In 2018, Maduro allowed the legal circulation of the dollar, and somewhere from the beginning of 2021 it became the main monetary unit in the country. The Greens are now operated by everyone, from the top managers of companies to street vendors, who would have been quickly sent to jail for this under Chavez. Back in January, the authorities announced that they had put an end to hyperinflation (however, according to the latest data, it is 500% per year).

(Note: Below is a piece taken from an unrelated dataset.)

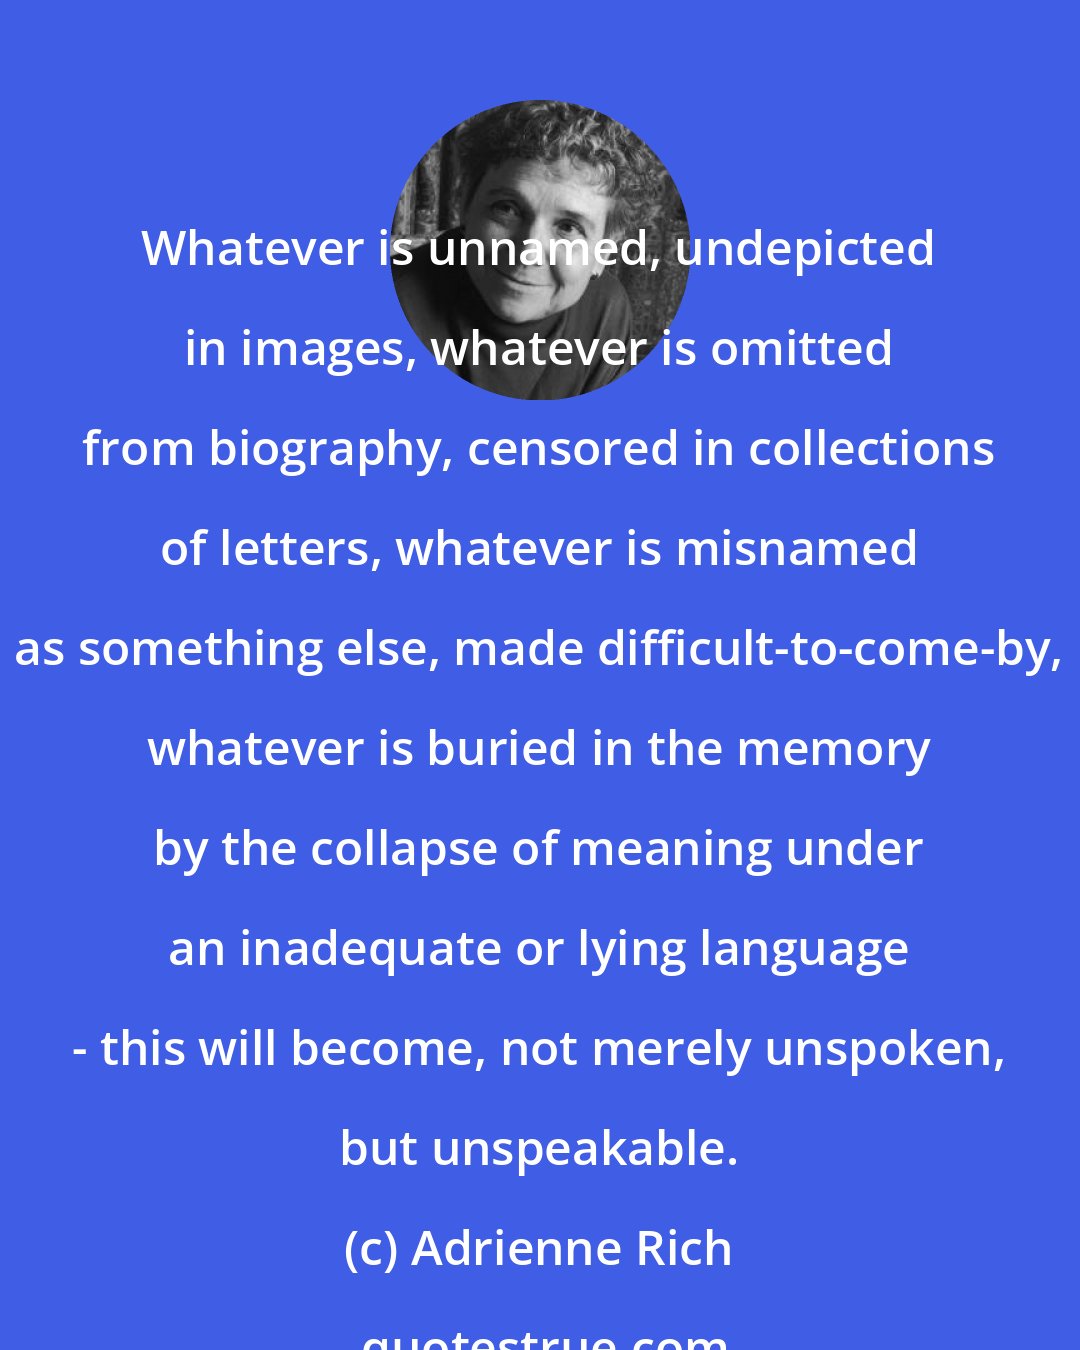 Adrienne Rich: Whatever is unnamed, undepicted in images, whatever is omitted from biography, censored in collections of letters, whatever is misnamed as something else, made difficult-to-come-by, whatever is buried in the memory by the collapse of meaning under an inadequate or lying language - this will become, not merely unspoken, but unspeakable.

Growth in manufacturing this year is expected to be 10%.

Casino against sanctions

Some of the richest neighborhoods in Caracas have begun to resemble American Las Vegas in recent months. Numerous casinos grow there like mushrooms after the rain. Under Chavez, they were also banned, but Maduro gave them the green light, believing that they ... will help the country overcome American sanctions.

“Somewhere at half past eleven in the evening,” writes Bloomberg, “a respectable audience begins to gather at the casino roulette table. Bartenders offer cocktails, dancers flex to merengue music, bingo players compete for a $500 prize. One of the lucky winners won a $2,900 Yamaha motorcycle in May.” “In the last 10 years, we could only dream of places where we would have fun,” says 52-year-old real estate broker Maria Elena Milyan before heading to roulette with her husband.

The casino is located on the roof of a 15-storey building. And below is a car dealership displaying three red Ferraris, the cheapest of which costs $200,000. This is the annual salary of 590 civil servants.

Potemkin village

To an outside observer, it may seem that the Venezuelan regime has managed to get out of the deepest socio-economic hole, that the country is surviving despite isolation. But perhaps this is an illusion. The new Venezuelan economy is a "Potemkin village". 94% of Venezuelans continue to live in poverty, with a monthly family income of $30. 70% of the inhabitants of the Venezuelan capital lives in slums. Venezuela still ranks low at 177 out of 180 on Transparency International's list for corruption, democracy and economic freedom. Over the past five years, 6 million Venezuelans have emigrated from the country, the largest exodus in the world before the start of the war in Ukraine.

Caracas, whose streets are ruled by crime, continues to be one of the most dangerous cities in the world, along with the Honduran San Pedro Sula, which is considered the "murder capital of the world."

Caracas remains one of the most dangerous cities in the world

“The dollar bubble, on which the demonstrative well-being of wealthy Venezuelans rests, can burst at any moment,” said Thomas Straka, a historian at Universidad Catolica Andres Bello in Caracas. “Venezuela is facing change or a new phase of her tragedy.”